Qualys Vulnerability KnowledgeBase

  • Published on Sep 26, 2025
  • 2 minute(s) read
Prev Next

The Qualys KnowledgeBase is a central repository of vulnerabilities, each identified by a unique QID (Qualys ID). It contains detailed information such as severity levels, affected software, solutions, and references. Qualys KnowledgeBase is a core component of Qualys Vulnerability Management (VM), which enables organizations to detect, assess, and manage vulnerabilities across their environments.

For more details, please refer to the official Qualys Documentation.

Integration Method: API

Tables: OSINT Inventory Info (5021)

This integration supports the following events.

Event

Description

Vulnerabilities

Retrieves list of vulnerabilities from Qualys KB

Prerequisites

  • Access to Qualys dashboard with manager with full scope

  • Access to the DataBee Console

Configuration Overview

  1. Create API credentials on the Qualys dashboard with required permissions.

    1. Create a user with the required permissions

  2. Add the Qualys Vuln KB in the DataBee console with the below parameters.

    DataBee Parameter

    Qualys Vuln KB Parameter

    Username

    Username

    Password

    Password

Qualys Configuration

Create User

  1. Sign in to the Qualys Dashboard.

  2. Navigate to the Users tab.

  3. Create a new user using the Users > New > User dropdown on the user page.

  4. Fill in the required data in the General Information tab. Then click on User Role.

  5. In the User Role tab, fill in the role details and make sure we have allowed access to both API and GUI.

    1. User Role – Manager

    2. Allow access in – GUI, API

    3. Keep the Locale, Options, and Security settings with default values and then click Save.

    Note:

    Permissions mentioned here are the minimum requirements for the data feed.

  6. The new user will be created with a Pending Activation Status. An activation link will be sent via email.

  7. You will receive an email. Store the Platform URL securely as it’ll be required to configure data source later. Click on Activate Your Account.

  8. Enter the OTP Code received in email and click Submit.

  9. You will get the information below, copy the password, and click on the URL. Login with the given username and password.

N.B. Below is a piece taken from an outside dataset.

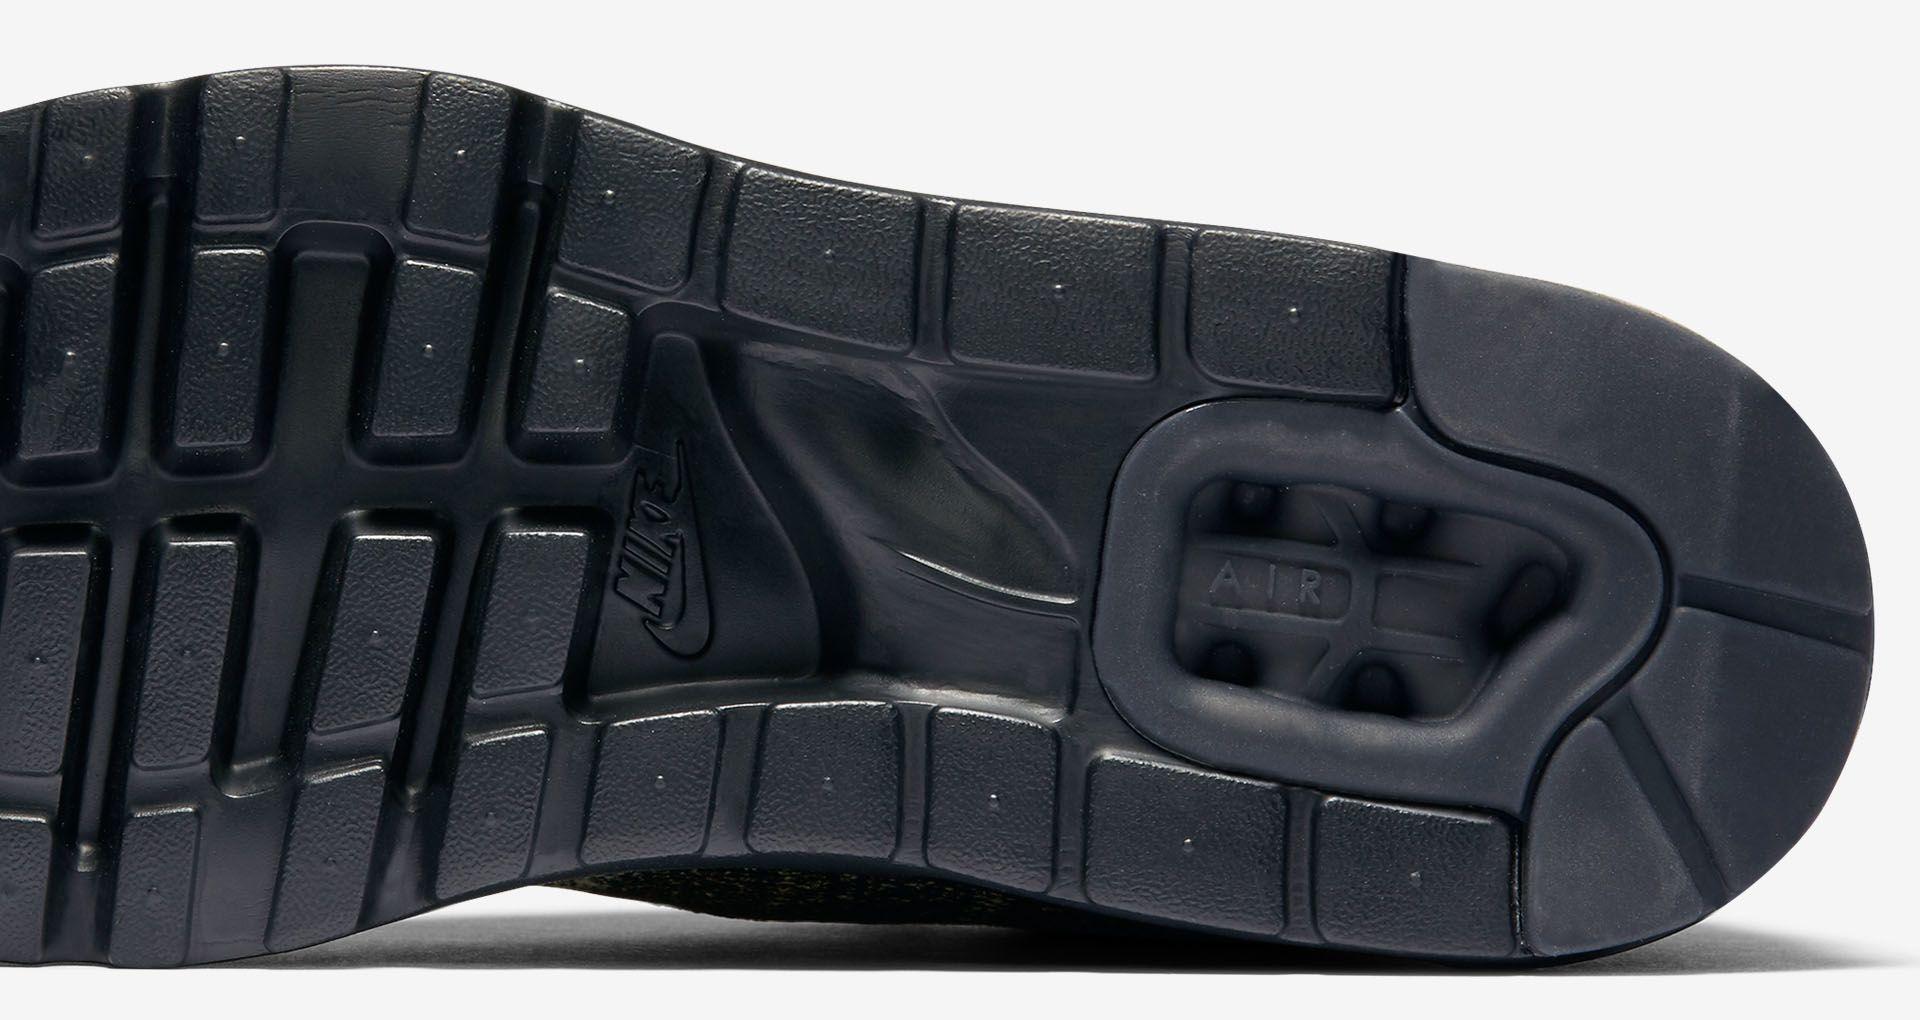 Nike Air Max 1 Ultra Flyknit 'Neutral Olive & Black'. Nike SNKRS

  10. When logging in with the new username and password for the first time, you will redirect to the verification page. Verify your information, and click Save.

  11. Change the password as requested. This will be the username and password to configure the API integration.

DataBee Configuration

  1. Login to the DataBee UI, navigate to Data > Data Feeds and click the Add New Data Feed button.

  2. Search for the Qualys Vulnerability KnowledgeBase and click on it as shown below.

  3. Click on the API Ingest option for collection method.

  4. Enter feed contact information and click Next.

  5. In the configuration page, confirm the following:

    • Authorization Method: Basic

    • API Base URL: Replace API Base URL with the URL copied before from email. Refer to this document: Qualys Platform Identification

    • Username: Paste the Username generated earlier in email.

    • Password: Paste the Password of the account that was set up earlier.

    • Event Types: Preselected for all the event types that integration pulls.

  6. Click Submit.

Troubleshooting Tips

  • Ensure that username and password are correct.

  • Ensure that the user has a Manager role.

  • If you are unable to login with the temporary password, make sure you have given UI Permission to the User.